The next phase is making sure your kid is well enough to handle being taught.  With an intermittent illness this is a horrible, horrible daily challenge.

Once you've identified that your kid needs and qualifies for help, you have to figure out how to make this happen.  You'd think there would be someone at the school who would be in charge of this.  So far as I can tell, waiting for help to come from the school district is about as fruitful as waiting for your letter to arrive from Hogwarts.  It's not coming.  Get over it and move on.

So, in the midst of holding down your job, caring for your family and managing your chronically ill child's medical needs, you need to be on the phone to the school to get the home teaching set up.  Oh, and by the way, those teachers seem to be disappointed if you don't know where the textbooks are, what the current homework is, and how to log onto the teacher's website.  In other words, you are supposed to prepare everything they need to do THEIR job, while you are doing YOUR job. 

Babygirl was approved for full-time home teaching a week before the Thanksgiving holidays.  We will be starting tomorrow.  She is supposed to get two hours of daily tutoring, but is scheduled for only four days.  And why, I say WHY, are they tutoring gym class?  Since they aren't tutoring her non-core classes and she needs the credit from her electives, what happens with those?  Ugh.  Back on the phone I go.

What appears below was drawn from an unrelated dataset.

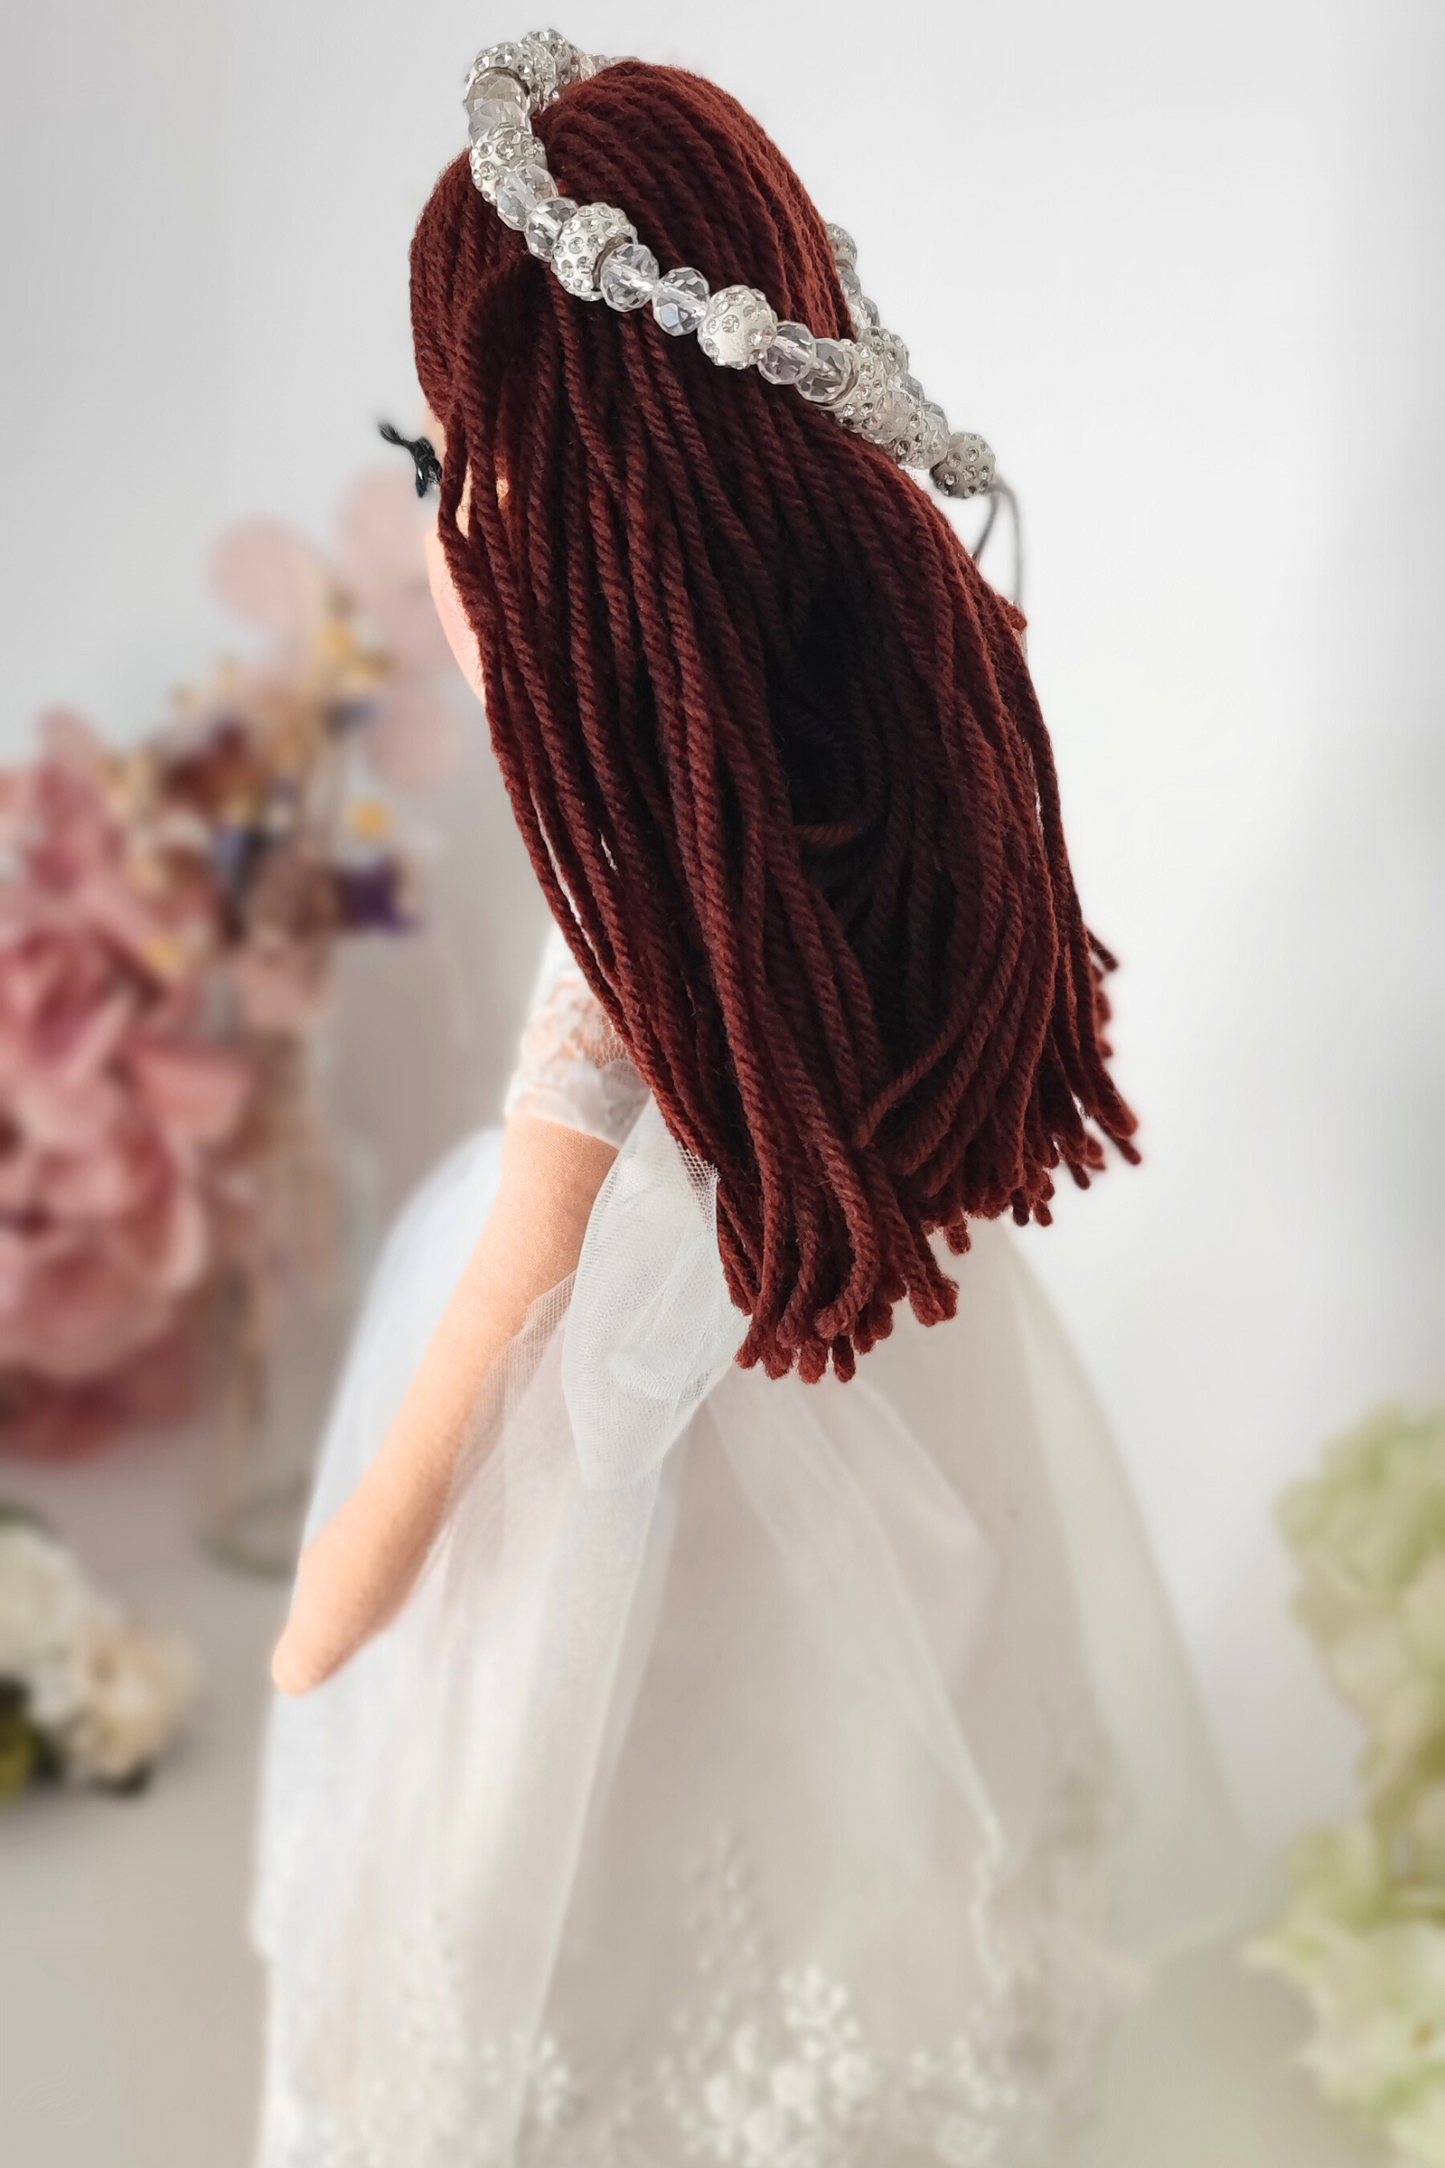 Muñeca de comunión con el pelo castaño y diadema de Swarovski

As far as the headaches go?  Babygirl did very well for a week after she came home from the hospital.  She had her first headache on Sunday, took her new rescue medications and did fairly well with them.  She went to school on Monday (which of course surprised everyone since she's supposed to be at home), came home to home teaching for two hours (her teacher had never seen her headache-free and was astonished at the difference), did two more hours of homework and went to bed.  Yesterday she was laid out with a headache but could have managed home teaching if they had TOLD us even on Monday that they had a schedule set up. 

So. Hopefully going forward we are set.  Unless she is well enough to start going back to school.  Then we are screwed because she's miles behind and they likely won't maintain the extra teaching if she's attending regularly.  Yeah, phase four - recovery.